* Source data
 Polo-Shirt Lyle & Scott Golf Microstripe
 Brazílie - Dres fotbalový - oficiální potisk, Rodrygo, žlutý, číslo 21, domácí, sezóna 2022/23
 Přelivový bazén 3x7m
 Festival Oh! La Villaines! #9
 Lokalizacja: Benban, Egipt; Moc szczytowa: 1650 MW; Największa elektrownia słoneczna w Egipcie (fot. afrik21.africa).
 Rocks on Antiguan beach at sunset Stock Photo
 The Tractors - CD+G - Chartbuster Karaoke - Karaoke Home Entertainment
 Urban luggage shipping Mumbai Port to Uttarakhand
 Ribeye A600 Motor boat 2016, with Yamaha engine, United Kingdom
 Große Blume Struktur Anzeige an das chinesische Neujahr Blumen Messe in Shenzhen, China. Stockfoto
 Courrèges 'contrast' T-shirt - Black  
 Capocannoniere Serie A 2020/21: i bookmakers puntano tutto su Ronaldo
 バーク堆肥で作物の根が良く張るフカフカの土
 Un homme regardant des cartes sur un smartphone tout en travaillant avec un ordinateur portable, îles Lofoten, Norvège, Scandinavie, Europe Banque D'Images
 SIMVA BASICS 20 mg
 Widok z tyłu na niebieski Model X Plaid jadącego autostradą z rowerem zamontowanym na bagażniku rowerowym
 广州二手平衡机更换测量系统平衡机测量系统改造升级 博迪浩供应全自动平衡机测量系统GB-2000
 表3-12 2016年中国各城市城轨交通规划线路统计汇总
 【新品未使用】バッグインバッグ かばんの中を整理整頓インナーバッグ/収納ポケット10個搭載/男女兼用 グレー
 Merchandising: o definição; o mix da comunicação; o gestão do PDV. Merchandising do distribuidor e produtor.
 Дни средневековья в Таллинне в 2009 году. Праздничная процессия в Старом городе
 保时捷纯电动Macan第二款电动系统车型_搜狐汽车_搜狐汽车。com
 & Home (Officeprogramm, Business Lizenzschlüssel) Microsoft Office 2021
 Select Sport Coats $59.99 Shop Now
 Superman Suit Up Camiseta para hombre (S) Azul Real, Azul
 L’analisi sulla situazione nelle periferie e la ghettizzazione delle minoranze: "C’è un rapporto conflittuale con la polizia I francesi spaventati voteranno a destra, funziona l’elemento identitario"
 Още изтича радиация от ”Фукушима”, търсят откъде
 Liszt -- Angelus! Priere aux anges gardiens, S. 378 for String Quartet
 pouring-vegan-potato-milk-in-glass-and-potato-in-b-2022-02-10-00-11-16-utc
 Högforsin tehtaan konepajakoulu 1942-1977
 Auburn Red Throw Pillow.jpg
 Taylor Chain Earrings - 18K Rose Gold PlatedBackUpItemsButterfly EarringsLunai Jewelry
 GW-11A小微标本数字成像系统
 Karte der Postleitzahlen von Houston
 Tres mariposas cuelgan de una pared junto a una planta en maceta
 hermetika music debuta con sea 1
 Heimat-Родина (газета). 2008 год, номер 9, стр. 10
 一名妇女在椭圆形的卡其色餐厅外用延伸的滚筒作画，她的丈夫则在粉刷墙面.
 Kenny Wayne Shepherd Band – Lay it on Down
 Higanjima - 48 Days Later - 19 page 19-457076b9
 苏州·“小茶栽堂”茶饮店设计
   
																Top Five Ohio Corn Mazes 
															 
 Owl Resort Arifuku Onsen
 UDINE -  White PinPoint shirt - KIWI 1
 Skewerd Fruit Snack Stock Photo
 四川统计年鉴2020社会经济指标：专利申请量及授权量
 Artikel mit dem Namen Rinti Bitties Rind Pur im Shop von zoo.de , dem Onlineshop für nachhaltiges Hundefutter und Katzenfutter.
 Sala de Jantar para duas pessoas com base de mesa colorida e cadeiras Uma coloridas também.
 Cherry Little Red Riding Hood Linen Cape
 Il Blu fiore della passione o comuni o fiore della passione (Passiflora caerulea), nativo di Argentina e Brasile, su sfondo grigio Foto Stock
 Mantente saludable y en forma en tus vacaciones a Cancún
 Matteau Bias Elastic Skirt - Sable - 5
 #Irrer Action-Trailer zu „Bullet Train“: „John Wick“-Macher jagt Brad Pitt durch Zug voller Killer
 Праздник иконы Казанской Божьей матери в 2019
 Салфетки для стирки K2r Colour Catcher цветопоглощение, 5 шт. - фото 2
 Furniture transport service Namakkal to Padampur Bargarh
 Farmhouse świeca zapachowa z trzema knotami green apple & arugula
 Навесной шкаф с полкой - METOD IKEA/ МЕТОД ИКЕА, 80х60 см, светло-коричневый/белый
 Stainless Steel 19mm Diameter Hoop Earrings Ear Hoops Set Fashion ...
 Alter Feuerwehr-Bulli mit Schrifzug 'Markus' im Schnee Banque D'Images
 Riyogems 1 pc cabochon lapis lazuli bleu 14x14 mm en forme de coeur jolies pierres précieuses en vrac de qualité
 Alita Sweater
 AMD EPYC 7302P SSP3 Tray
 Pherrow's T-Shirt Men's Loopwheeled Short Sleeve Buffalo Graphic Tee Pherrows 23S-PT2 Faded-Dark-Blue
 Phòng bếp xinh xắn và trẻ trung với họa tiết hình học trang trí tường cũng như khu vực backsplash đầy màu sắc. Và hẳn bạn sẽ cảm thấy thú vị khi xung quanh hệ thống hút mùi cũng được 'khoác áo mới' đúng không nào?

* Task requirements
Could you return all lines from the records that include the word "Shop"?

* Answer below
 Select Sport Coats $59.99 Shop Now
 Artikel mit dem Namen Rinti Bitties Rind Pur im Shop von zoo.de , dem Onlineshop für nachhaltiges Hundefutter und Katzenfutter.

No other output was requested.